● **Assignment**
Where a picture shows up in the listing below, omit it and output the rest exactly.

● **Given material**
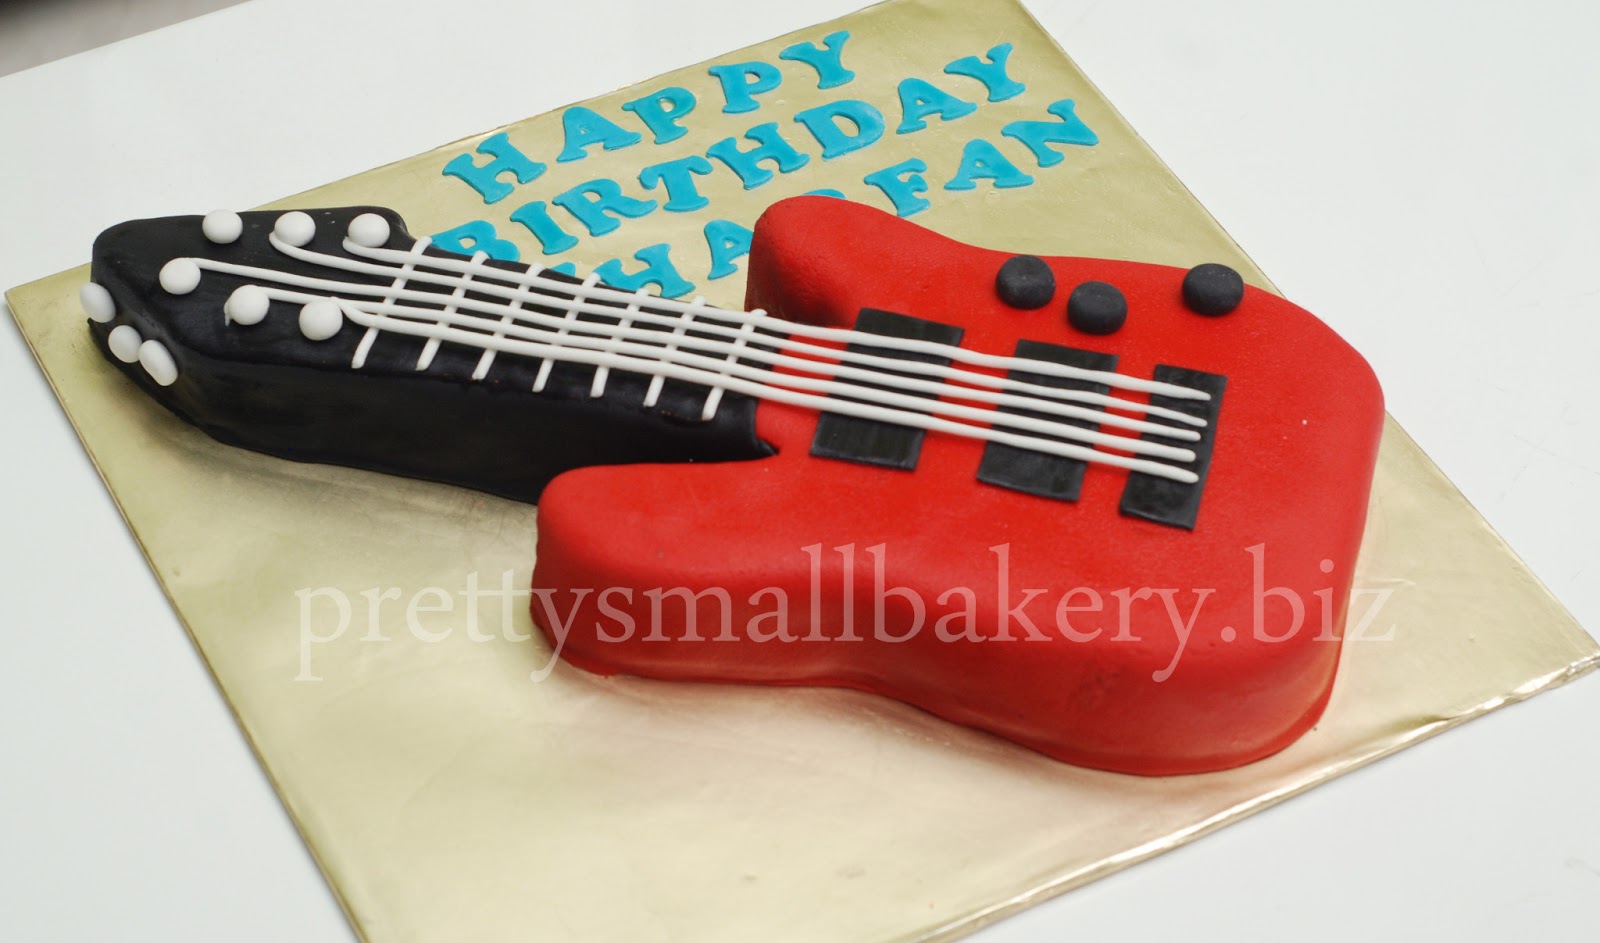 kek birthday guitar untuk zhafran Prettysmallbakery
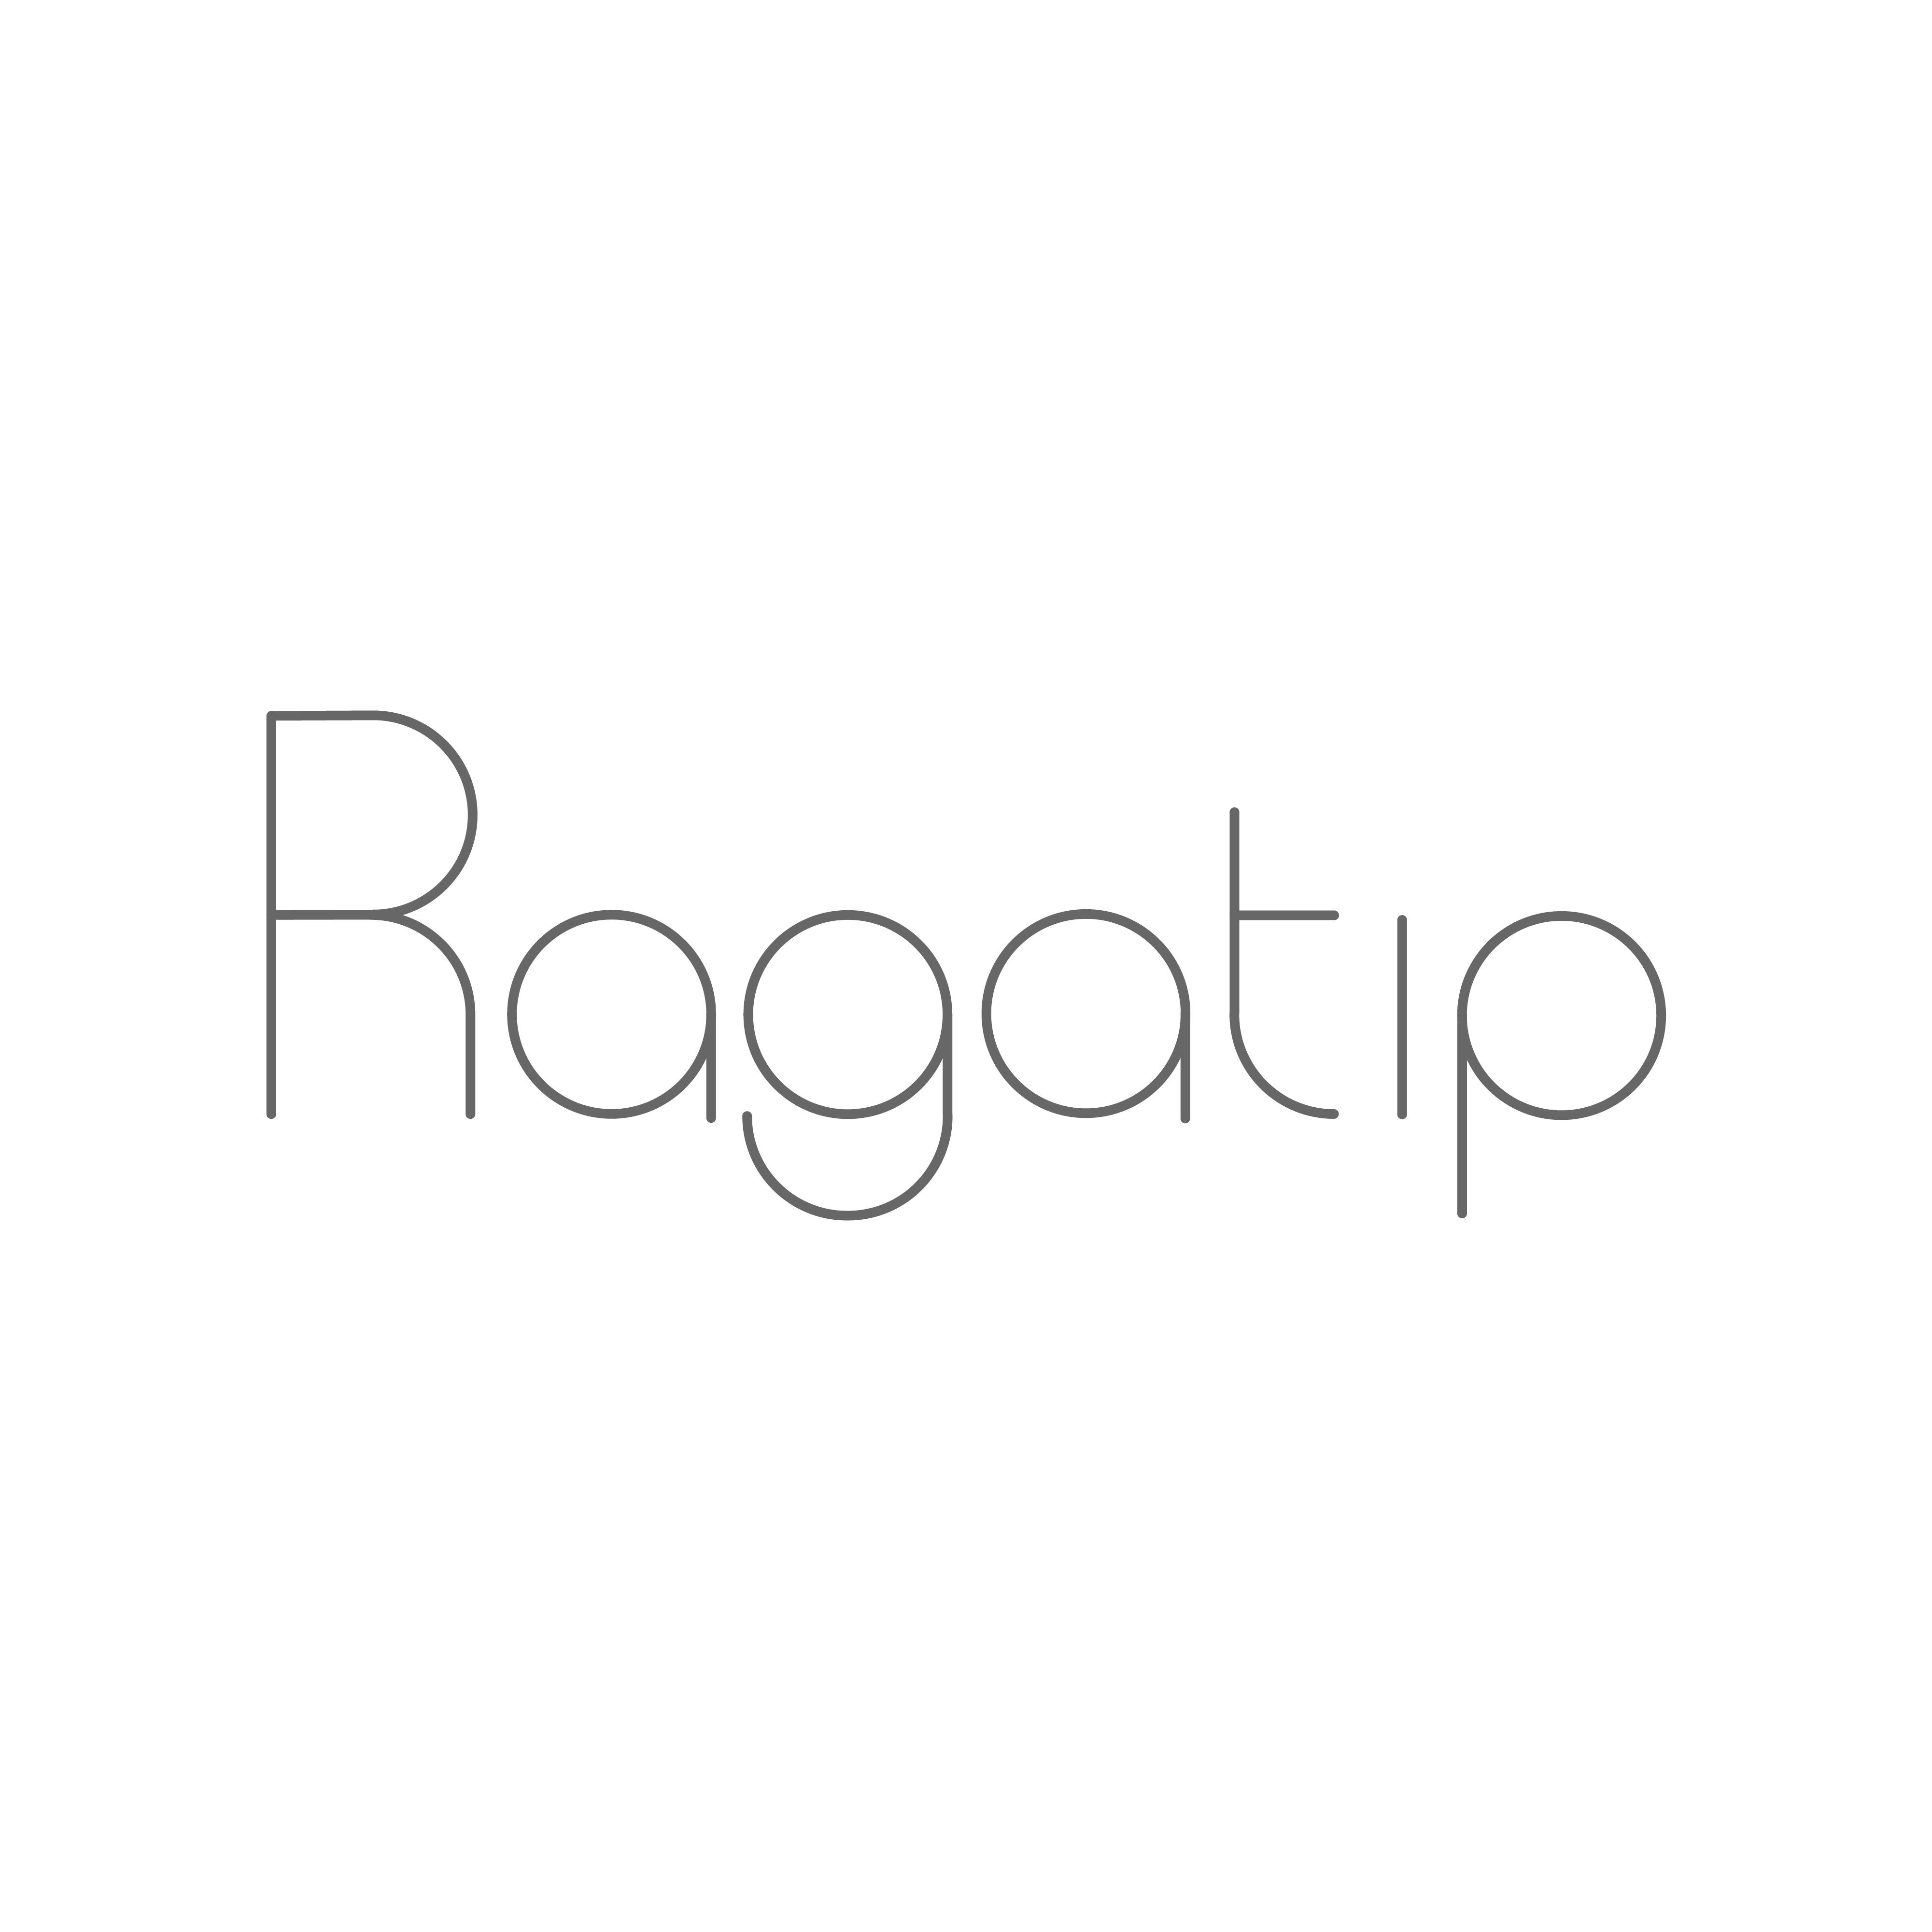 A Cardboard Creative Client called Ragatip
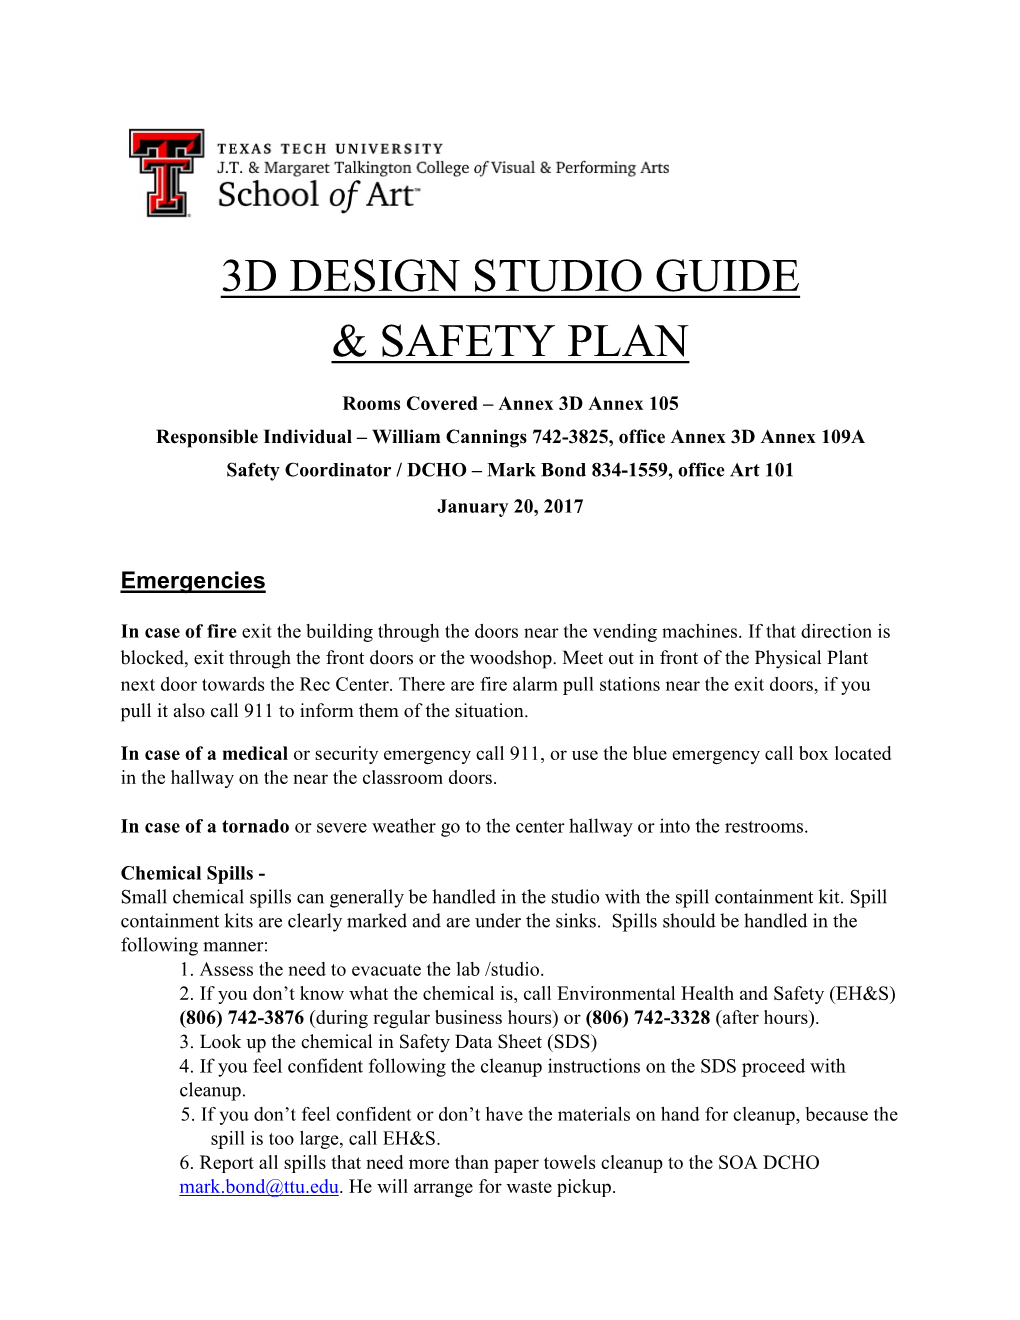 3D Design Studio Guide & Safety Plan

● **Output for this task**
 kek birthday guitar untuk zhafran Prettysmallbakery
 A Cardboard Creative Client called Ragatip
 3D Design Studio Guide & Safety Plan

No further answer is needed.